Suffice it to say I have produced a school yearbook, an annual Baby Guide, and a feature article in the last two weeks, PLUS, there is a July issue to put out this week, PLUS, I am digging holes in the backyard.

If you ever get someone to break up your old driveway to put in a new one, be sure that they don't bury all the huge chunks of concrete in the middle of the backyard. Otherwise, someone will curse you for it twenty years later. That's all I'm saying. Ever see that movie "Holes"? That's what my yard looks like. True story.

You know how every neighbourhood has that one family? That family that, you look out your window, and think, "NOW WHAT THE HELL ARE THEY DOING?" On the street where I live, we're that family. I'm going to write an essay about it, and sell it somewhere big, and use the money to pay for someone to take all the huge chunks of concrete away.

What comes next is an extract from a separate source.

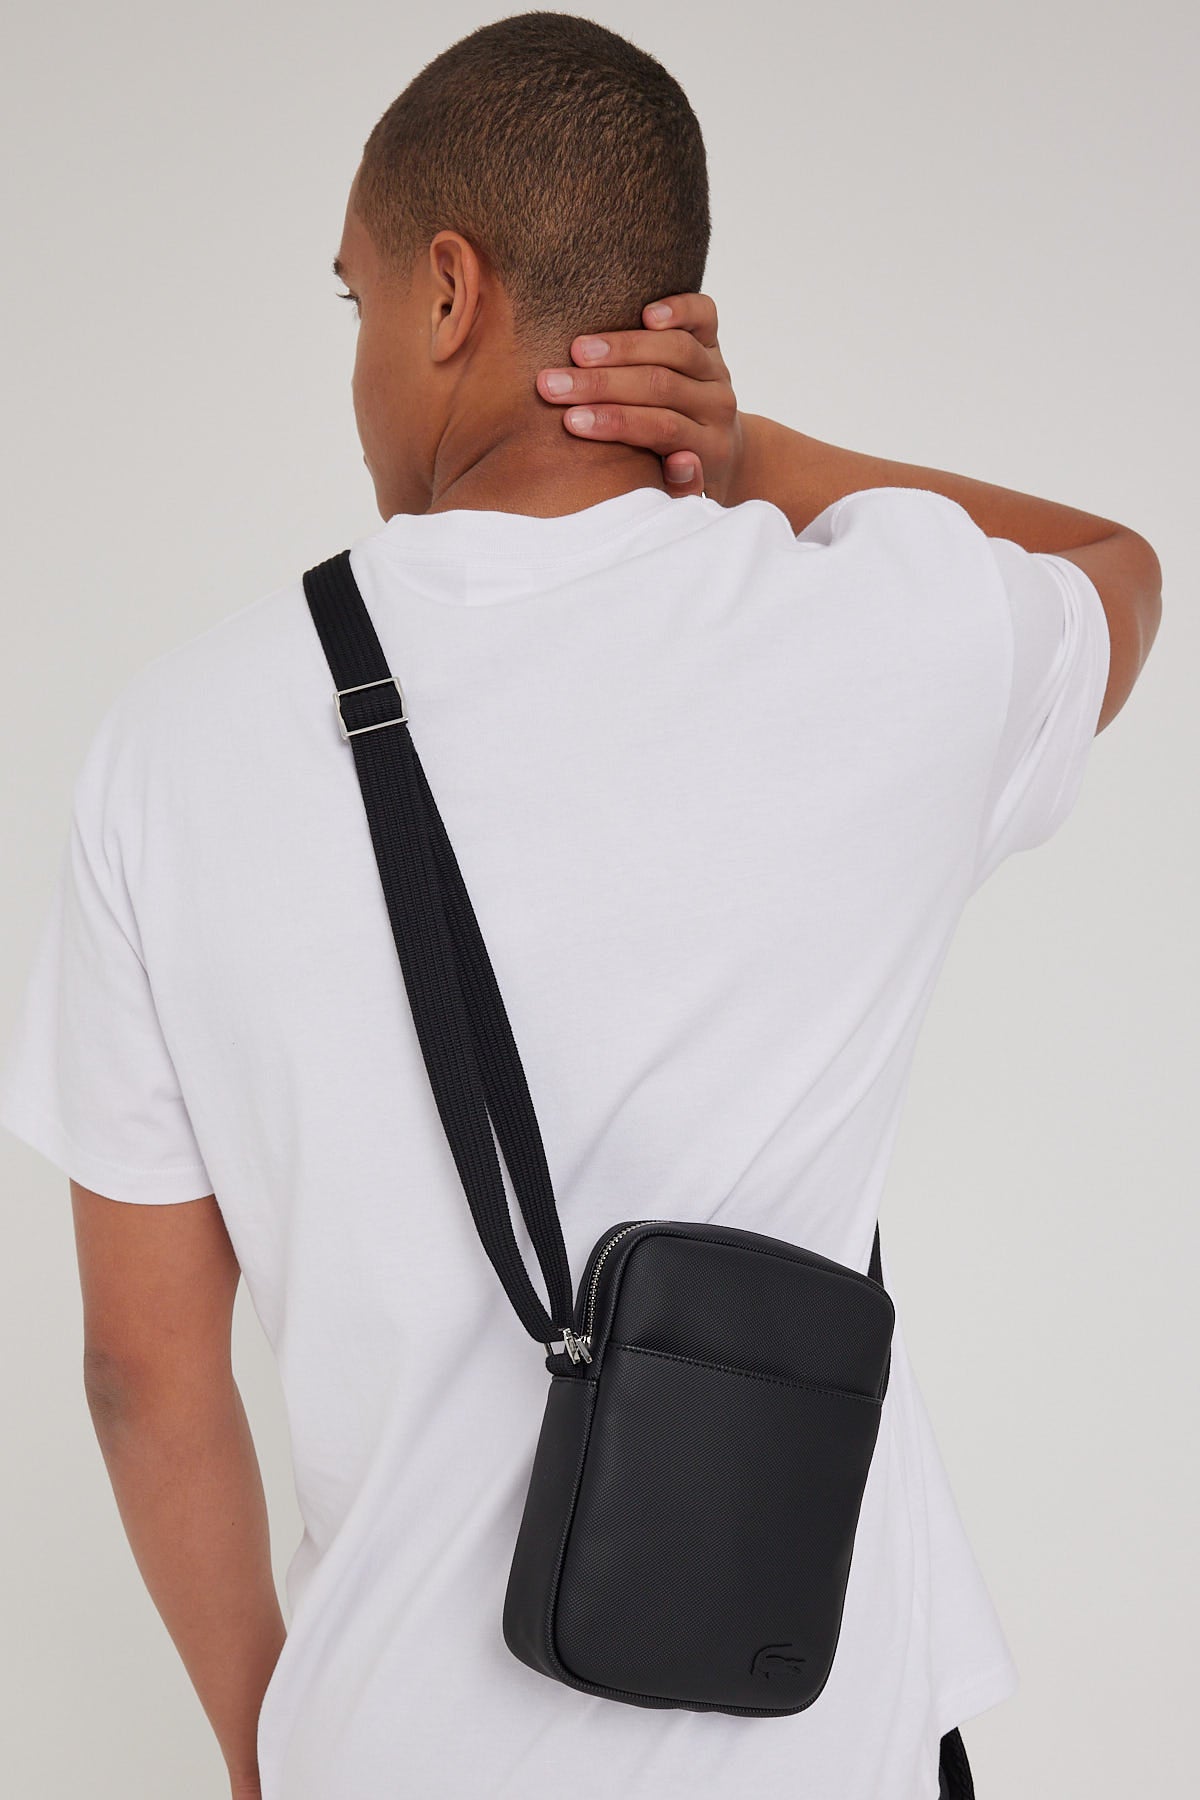 Lacoste Men's Classic Crossover Bag Black – Universal Store

Life is still busy, but manageable, and things are beginning to taper off. I'll have more novel news to share soon, and will tell you all about the adorable shoes I bought in CO. I've learned many things while away - like, what to do when the teen you're chaperoning (not your own) turns out to have scissors in their carry-on. Or, that some children, (again, not your own), when left to their own devices, WILL eat Fruit Loops at every meal. Or, that taking 5 pictures of the school band doesn't necessarily mean you will be able to find ONE on the day you finish the Yearbook.

For now, I'm back, and hopefully that's enough to get you to click in again tomorrow. Thanks for missing me, and not giving up. I won't stay away again so long, I promise.